Date | November 2015 | Marks available | 1 | Reference code | 15N.3dm.hl.TZ0.2 |
Level | HL only | Paper | Paper 3 Discrete mathematics | Time zone | TZ0 |
Command term | Find | Question number | 2 | Adapted from | N/A |
Question
A recurrence relation is given by \({u_{n + 1}} + 2{u_n} + 1 = 0,{\text{ }}{u_1} = 4\).
Use the recurrence relation to find \({u_2}\).
Find an expression for \({u_n}\) in terms of \(n\).
A second recurrence relation, where \({v_1} = {u_1}\) and \({v_2} = {u_2}\), is given by \({v_{n + 1}} + 2{v_n} + {v_{n - 1}} = 0,{\text{ }}n \ge 2\).
Find an expression for \({v_n}\) in terms of \(n\).
Markscheme
\({u_2} = - 9\) A1
[1 mark]
METHOD 1
\({u_{n + 1}} = - 2{u_n} - 1\)
let \({u_n} = a{( - 2)^n} + b\) M1A1
EITHER
\(a{( - 2)^{n + 1}} + b = - 2\left( {a{{( - 2)}^n} + b} \right) - 1\) M1
\(a{( - 2)^{n + 1}} + b = a{( - 2)^{n + 1}} - 2b - 1\)
\(3b = - 1\)
\(b = - \frac{1}{3}\) A1
\({u_1} = 4 \Rightarrow - 2a - \frac{1}{3} = 4\) (M1)
\( \Rightarrow a = - \frac{{13}}{6}\) A1
OR
using \({u_1} = 4,{\text{ }}{u_2} = - 9\)
\(4 = - 2a + b,{\text{ }} - 9 = 4a + b\) M1A1
solving simultaneously M1
\( \Rightarrow a = - \frac{{13}}{6},{\text{ and }}b = - \frac{1}{3}\) A1
THEN
so \({u_n} = - \frac{{13}}{6}{( - 2)^n} - \frac{1}{3}\)
METHOD 2
use of the formula \({u_n} = {a^n}{u_0} + b\left( {\frac{{1 - {a^n}}}{{1 - a}}} \right)\) (M1)

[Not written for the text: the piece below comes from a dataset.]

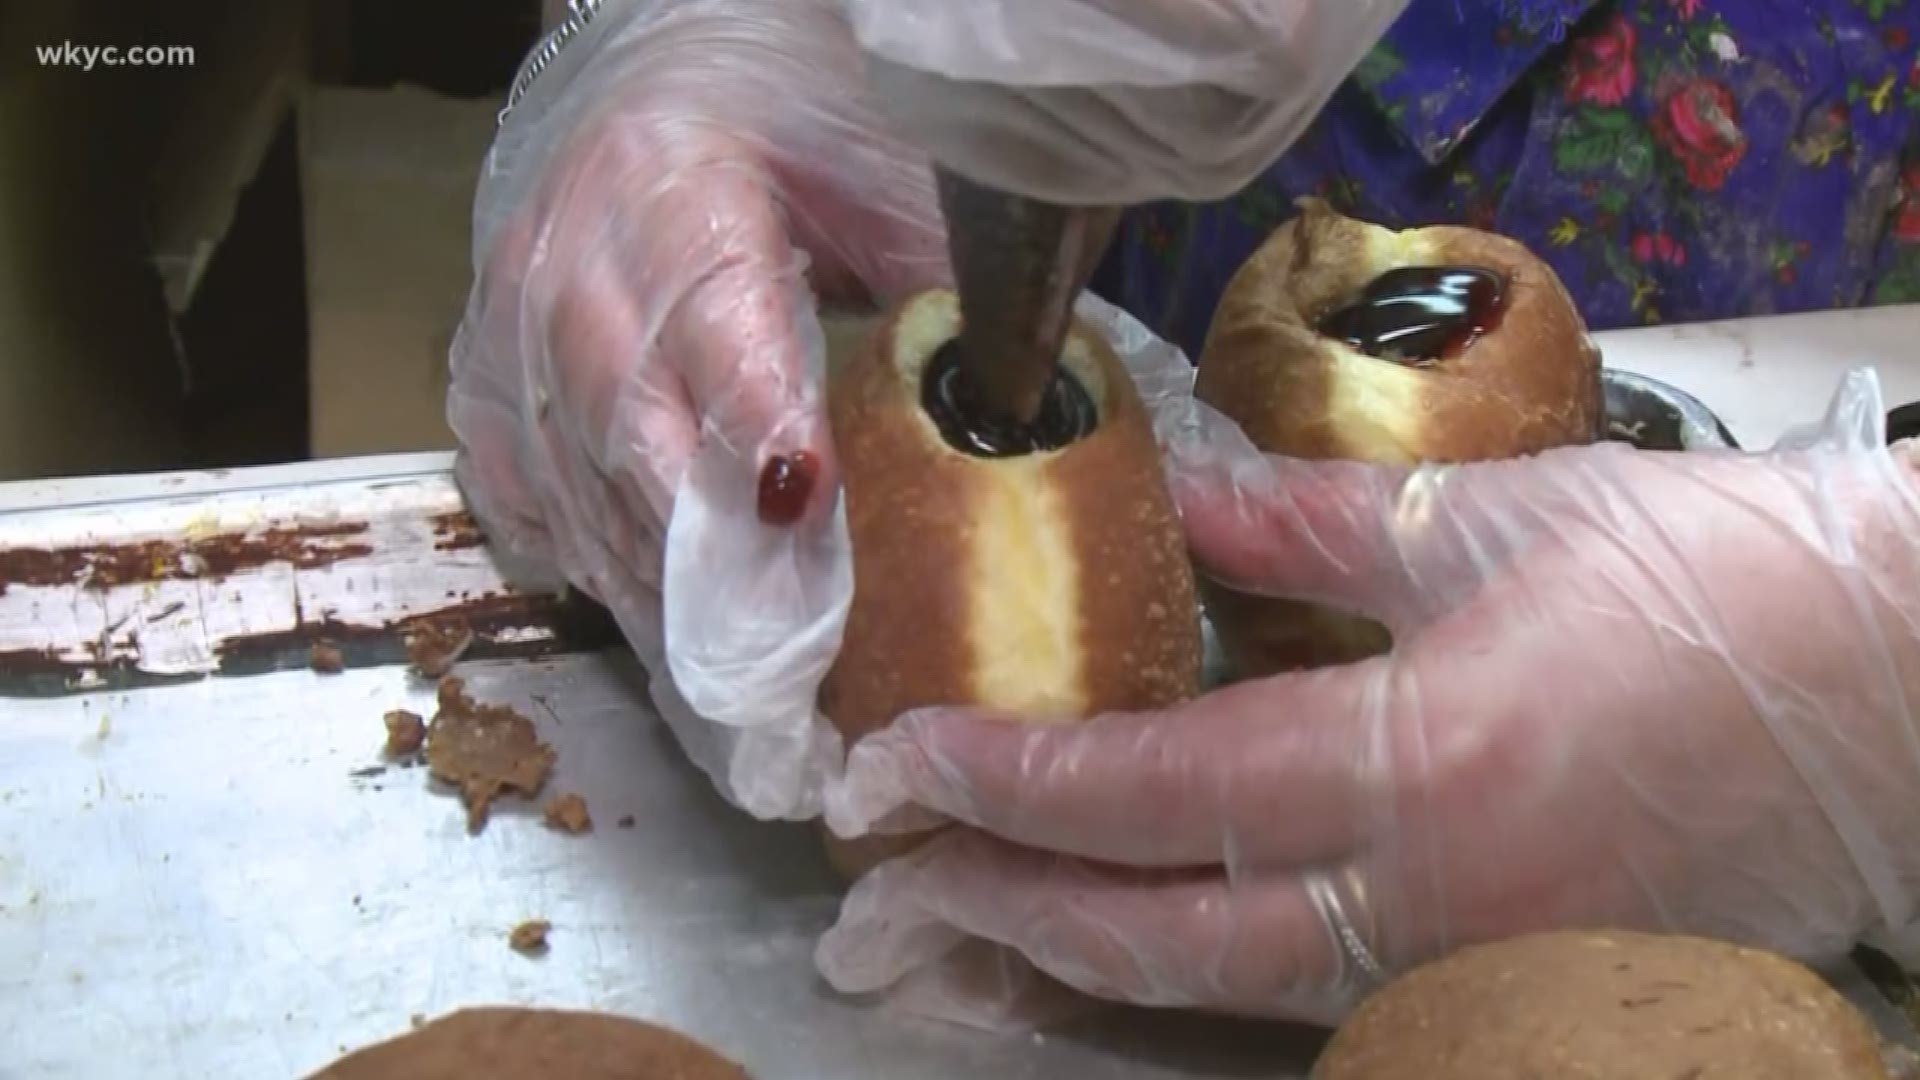 March 5, 2019: It's Fat Tuesday, which can only mean one thing: It's time for some paczki from Rudy's in Parma.

letting \({u_0} = - \frac{5}{2}\) A1
letting \(a = - 2\) and \(b = - 1\) A1
\({u_n} = - \frac{5}{2}{( - 2)^n} - 1\left( {\frac{{1 - {{( - 2)}^n}}}{{1 - - 2}}} \right)\) M1A1
\( = - \frac{{13}}{6}{( - 2)^n} - \frac{1}{3}\) A1
[6 marks]
auxiliary equation is \({k^2} + 2k + 1 = 0\) M1
hence \(k = - 1\) (A1)
so let \({v_n} = (an + b){( - 1)^n}\) M1
\((2a + b){( - 1)^2} = - 9\) and \((a + b){( - 1)^1} = 4\) A1
so \(a = - 5,{\text{ }}b = 1\) M1A1
\({v_n} = (1 - 5n){( - 1)^n}\)
Note: Caution necessary to allow FT from (a) to part (c).
[6 marks]
Total [13 marks]